>>>
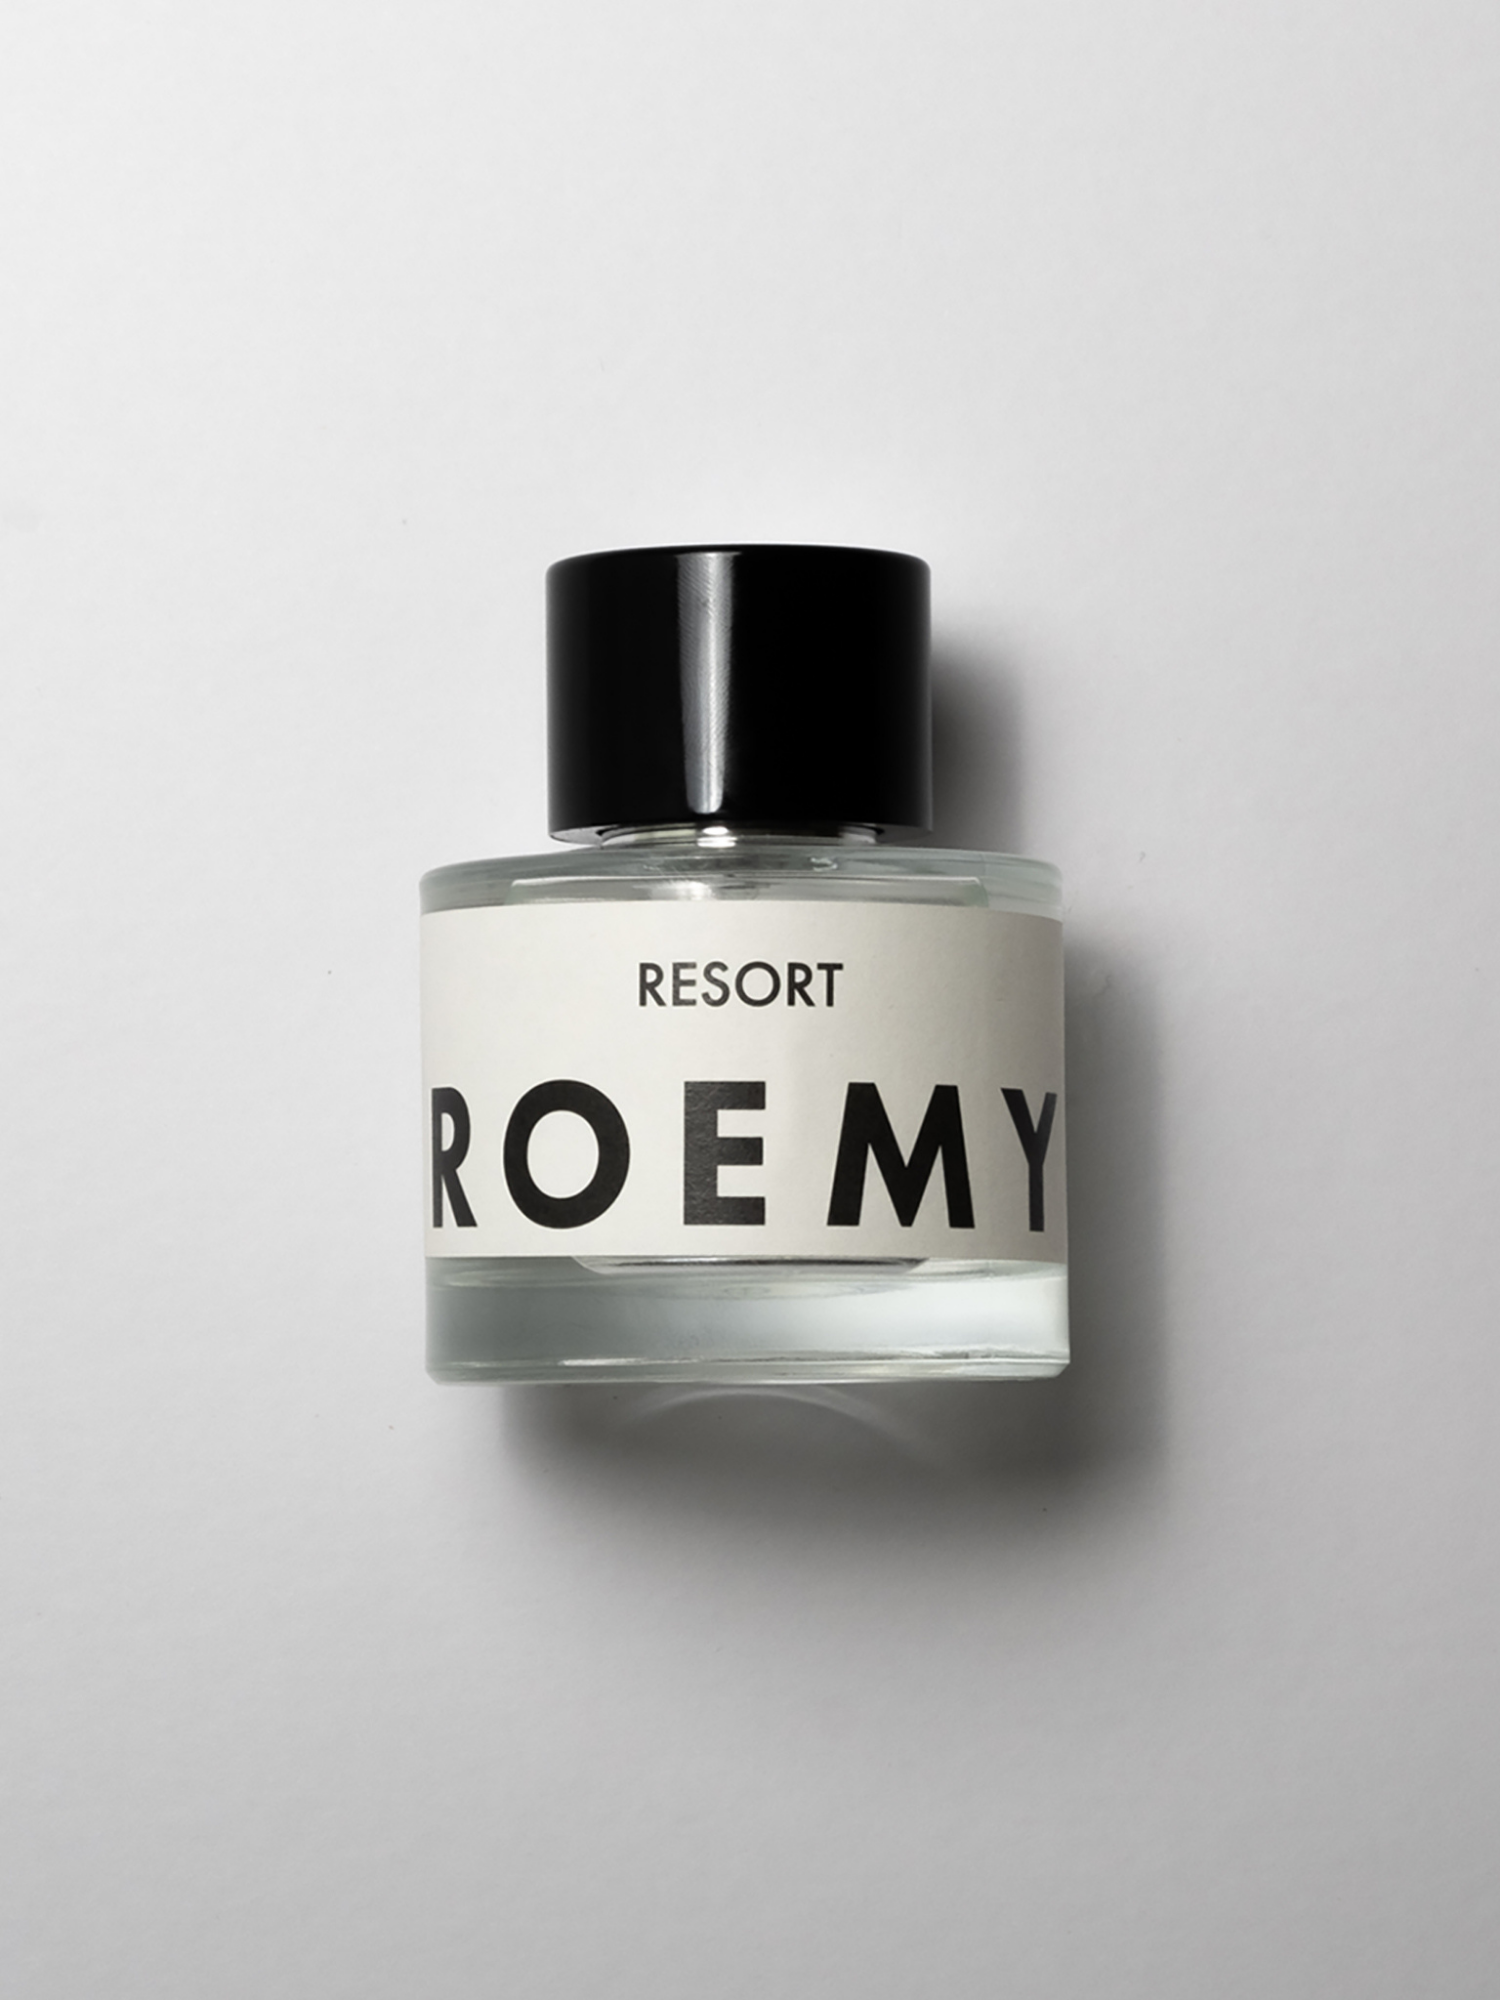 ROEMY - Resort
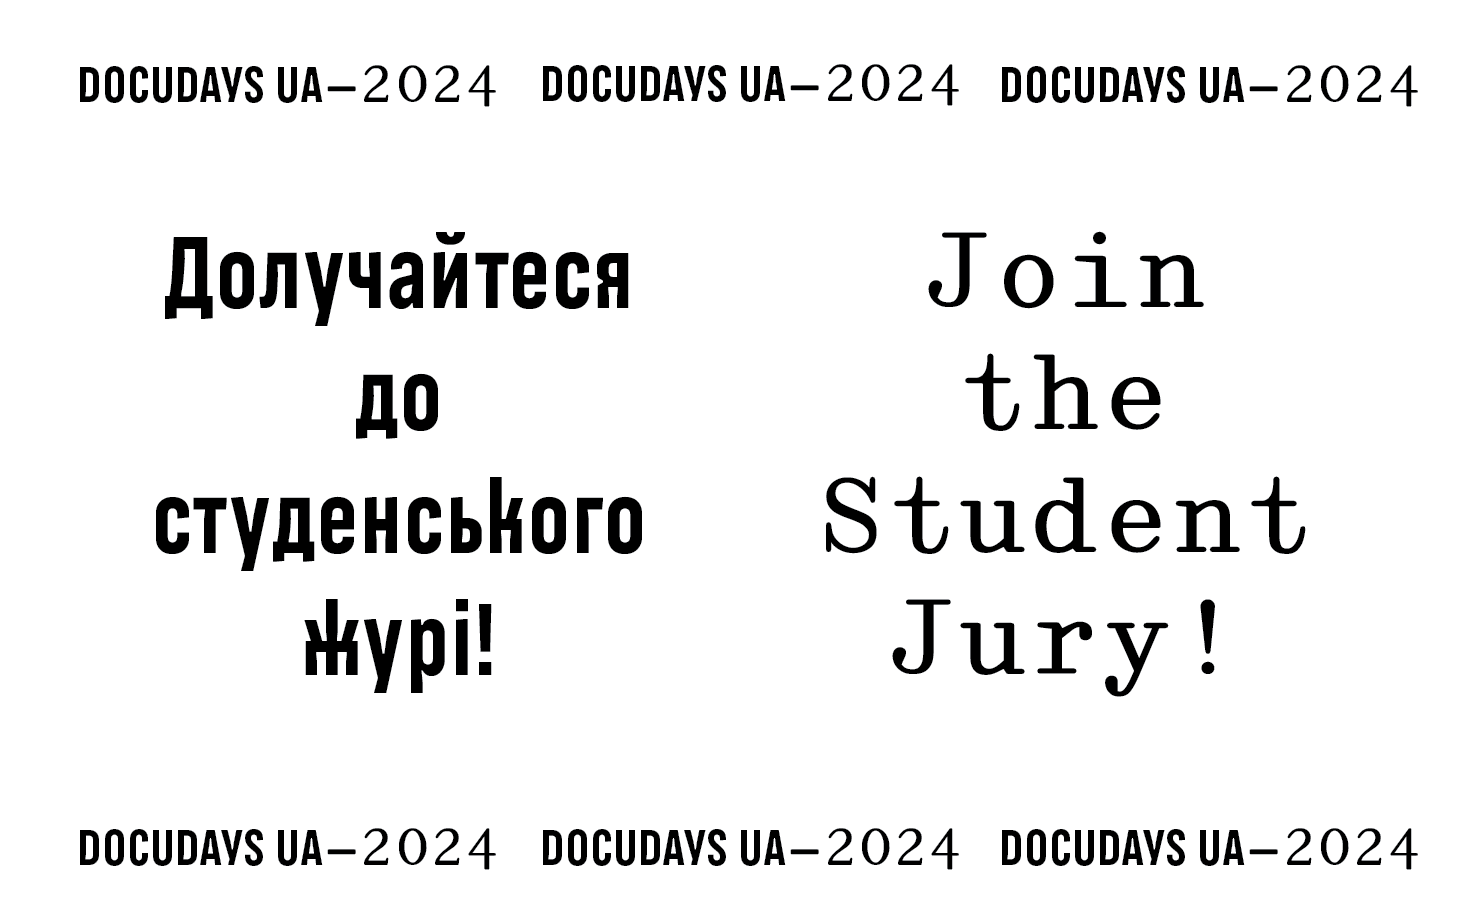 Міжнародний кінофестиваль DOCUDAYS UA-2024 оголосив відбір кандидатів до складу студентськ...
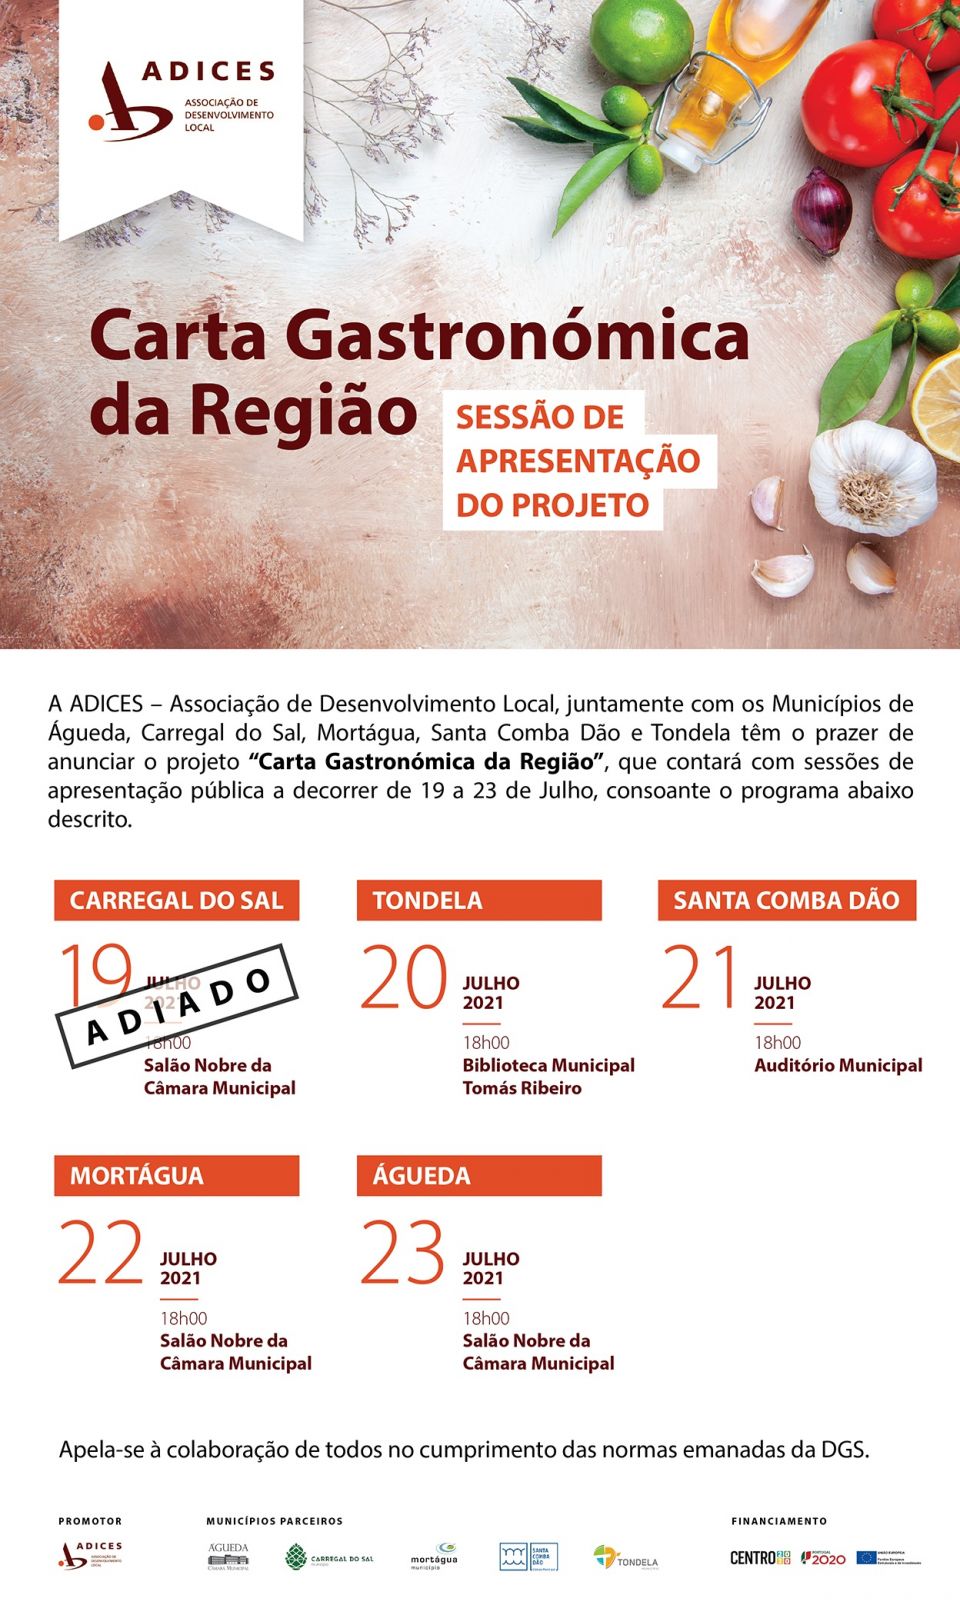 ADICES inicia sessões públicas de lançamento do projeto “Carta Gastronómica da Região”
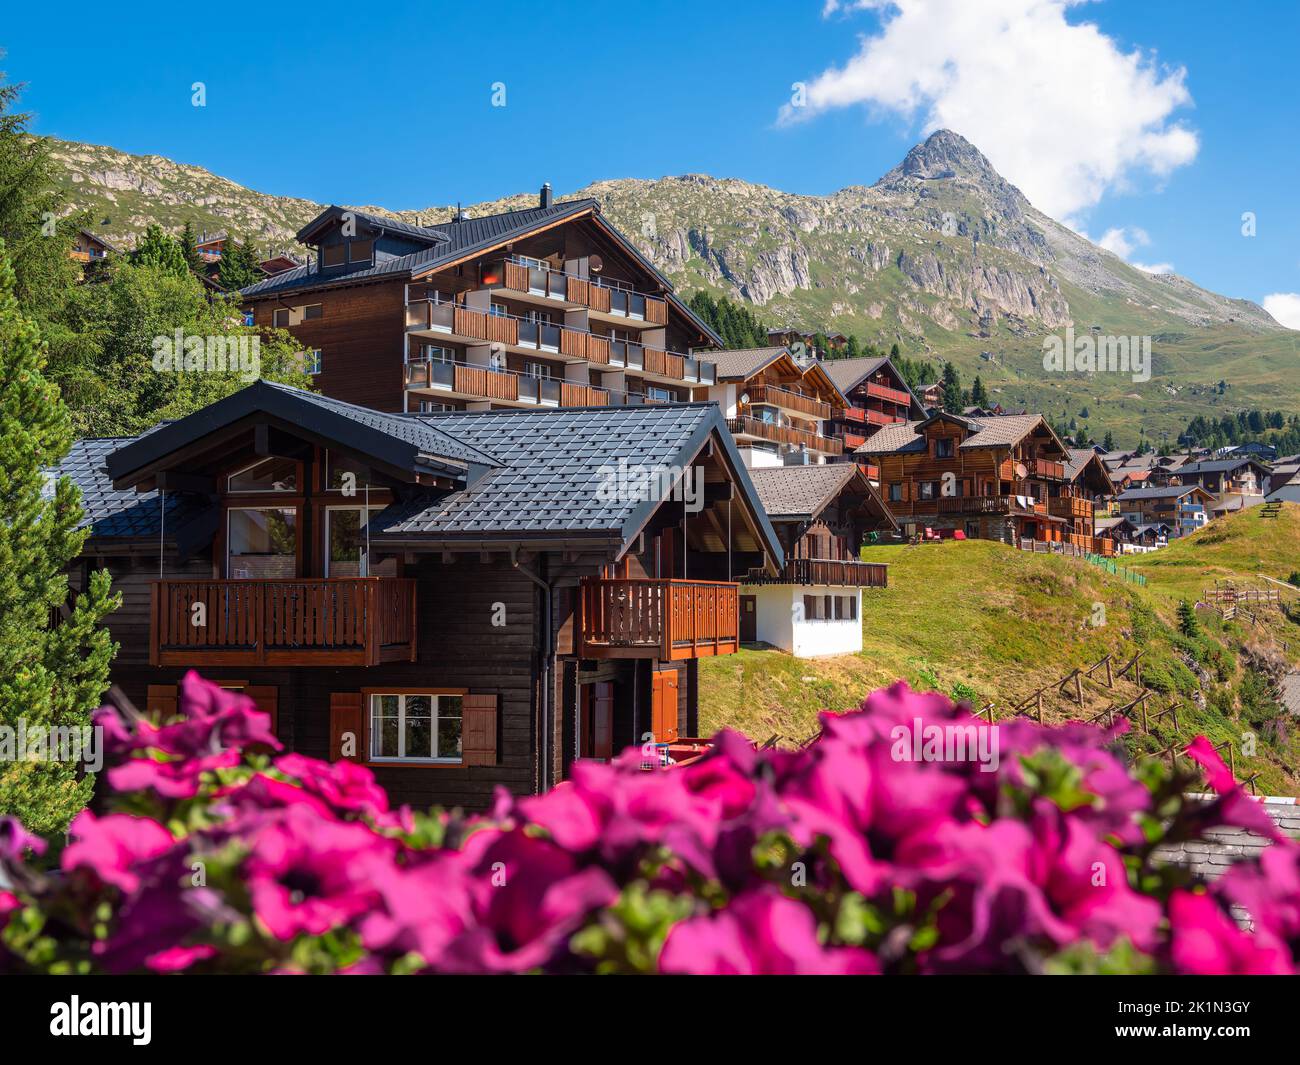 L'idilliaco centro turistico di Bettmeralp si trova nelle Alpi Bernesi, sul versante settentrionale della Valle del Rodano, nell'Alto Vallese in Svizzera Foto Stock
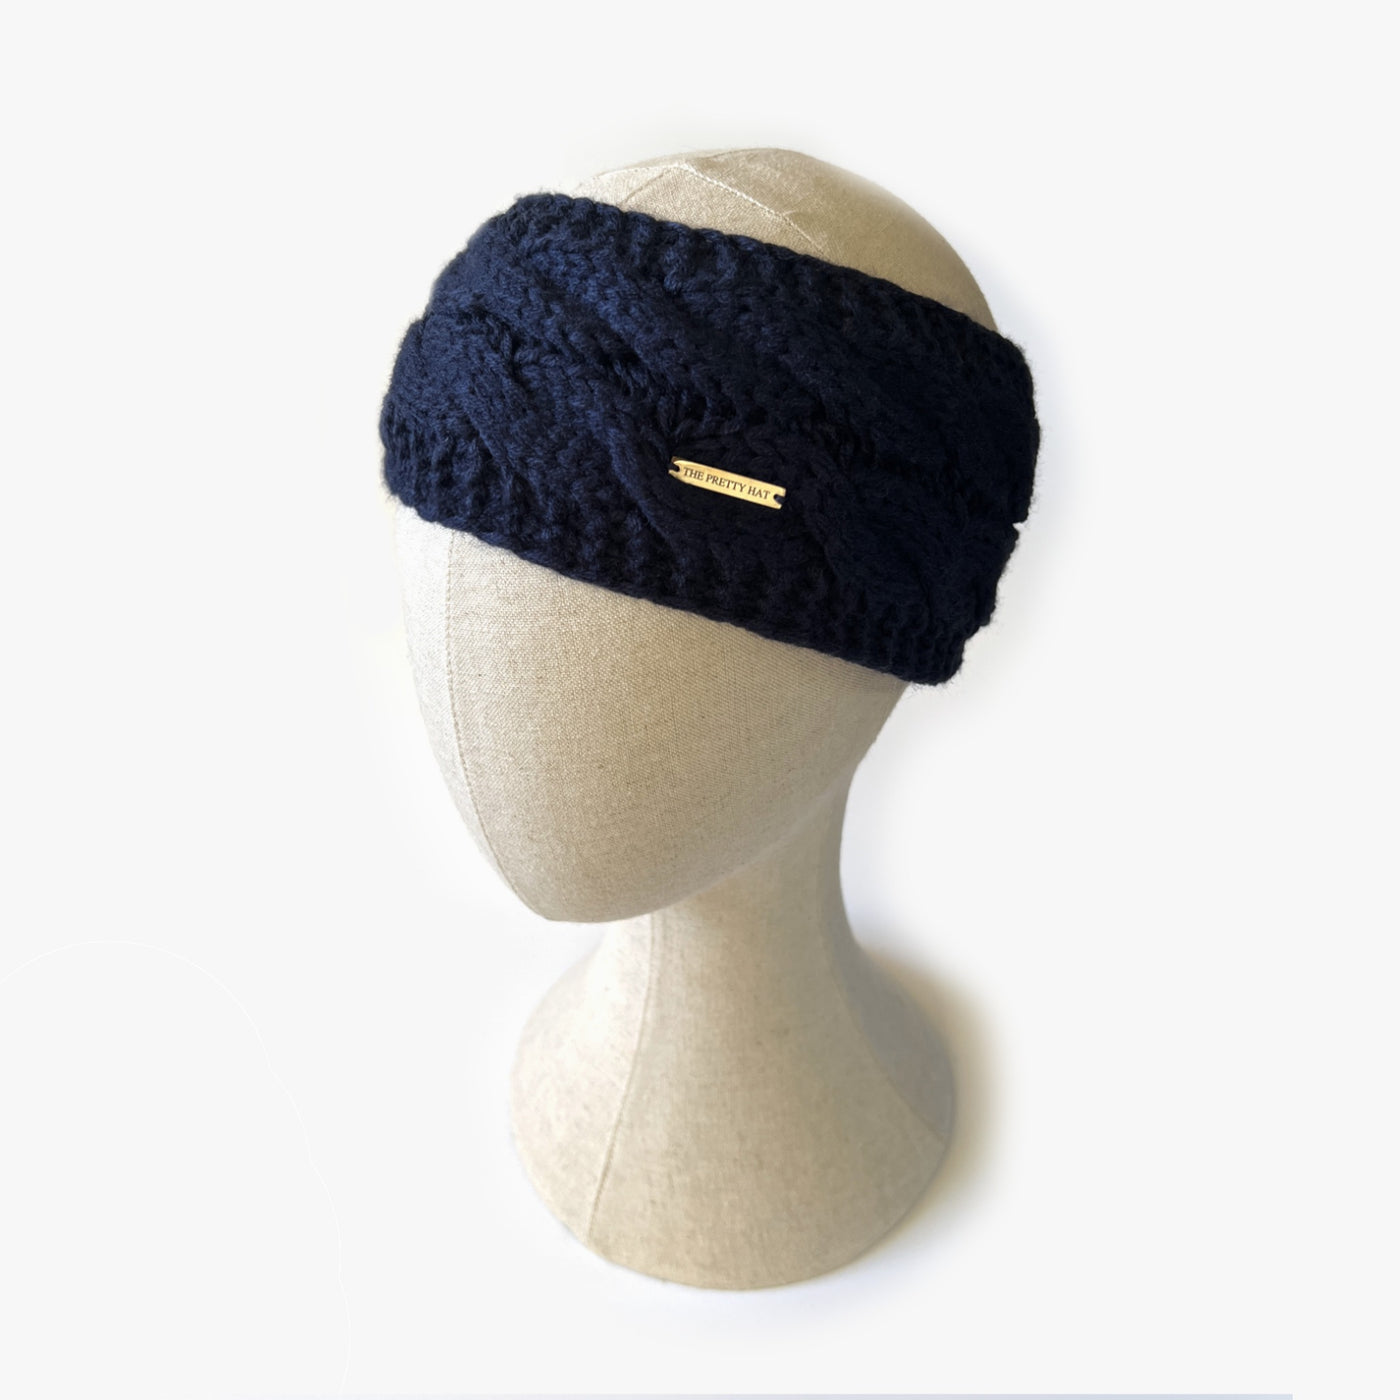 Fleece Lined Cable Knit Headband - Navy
<<<
** What the exercise asks **
Using the data above, write out every line exactly, leaving the images behind.

** Answer below **
 ROEMY - Resort
 Міжнародний кінофестиваль DOCUDAYS UA-2024 оголосив відбір кандидатів до складу студентськ...
 ADICES inicia sessões públicas de lançamento do projeto “Carta Gastronómica da Região”
 L'idilliaco centro turistico di Bettmeralp si trova nelle Alpi Bernesi, sul versante settentrionale della Valle del Rodano, nell'Alto Vallese in Svizzera Foto Stock
 Fleece Lined Cable Knit Headband - Navy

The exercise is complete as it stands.